I thought of the various ministries of other churches. I heard about one jurisdiction announcing that all places of business and leisure should be closed except for essential agencies such as fire departments, police stations, hospitals, grocery stores . . . and the New Haven Seventh-day Adventist Church. People asked, “What’s so special about this church?” They discovered that this church regularly takes in drug addicts and prays them through withdrawal. This church ordinarily provides temporary housing for the homeless. This church normally feeds scores of people every week.3 The county needed this church to stay open. It became breaking news.

What’s breaking?

Breaking news could be that, in this financial crisis, Christians are modeling sacrificial principles of giving (Mal. 3:8–12), as they had before. Breaking news could be that, in this health crisis, Christians are living out sensible principles of health (Rom. 12:1, 2), as they had before. Breaking news could be that, in this isolation crisis, Christians are carrying out selfless principles of caring (James 1:27), as they had before. The Wesleyan Bible Commentary says, “This is the normal Christian life—after the Spirit. Man may be so accustomed to imperfection and failure that this may seem extravagant and ridiculous. But not so. It is God’s plan and provision.”4 Pursuing the normal—in abnormal times—may just make the news cycle.

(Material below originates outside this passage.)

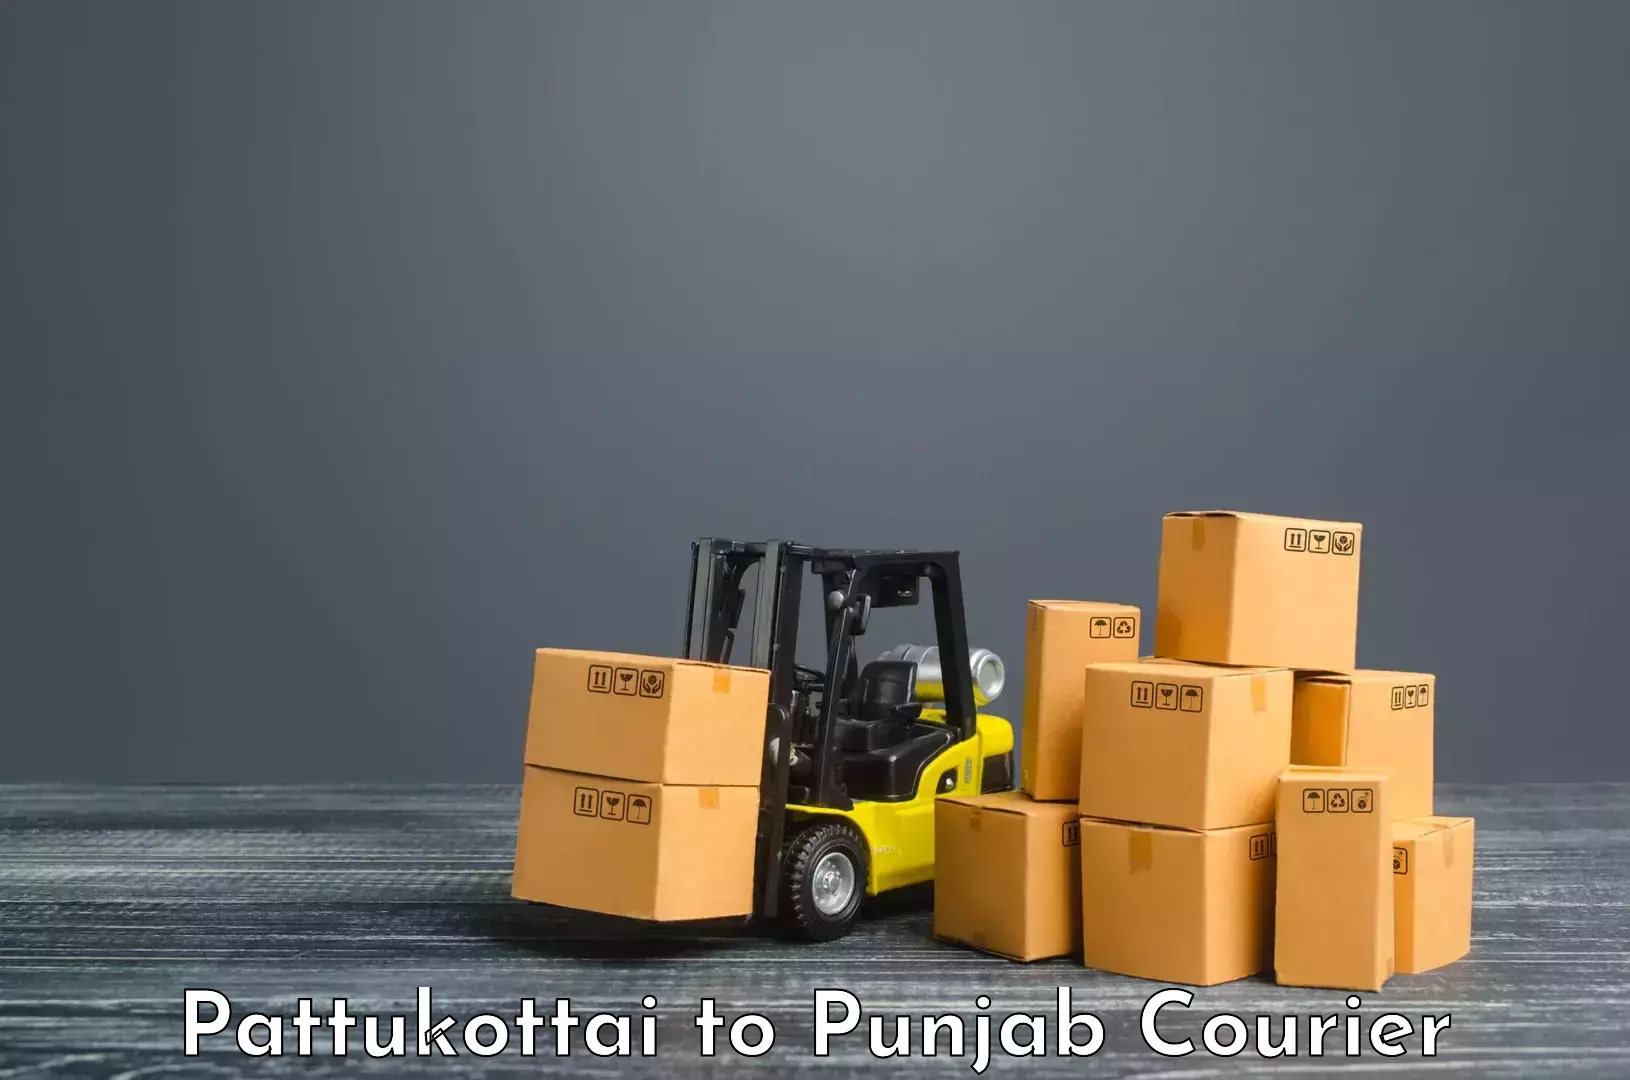 Business logistics support Pattukottai to Gurdaspur

Panic, no; pestilences, yes. Pandemonium, no; pandemic, yes. Seasonal Christians, no; reasonable Christians, yes. Extraordinary believers, no; ordinary believers, yes. Great generals, no; good soldiers, yes. End of time, no; time of the end, yes. Business as usual, no; business as normal, yes. Breaking news, no; normal news, yes.

A voice inside my head said, Keep doing what you normally do. I looked at my online tithe and offering envelope—and clicked Continue.

  1. Watchman Nee, The Normal Christian Life (London, UK: Victory Press, 1975).
  2. Emmaunel-Brinkow Seventh-day Adventist Church, emmanuelbrinklow.org/.
  3. Don Jacobsen, “Where’s My Church?” Hope Heals, March 24, 2020, http://hope-heals.org/2020/03/24/wheres-my-church/.
  4. Charles W. Carter, ed., et al., The Wesleyan Bible Commentary, vol. 5 (Grand Rapids, MI: Eerdmans, 1965), 54.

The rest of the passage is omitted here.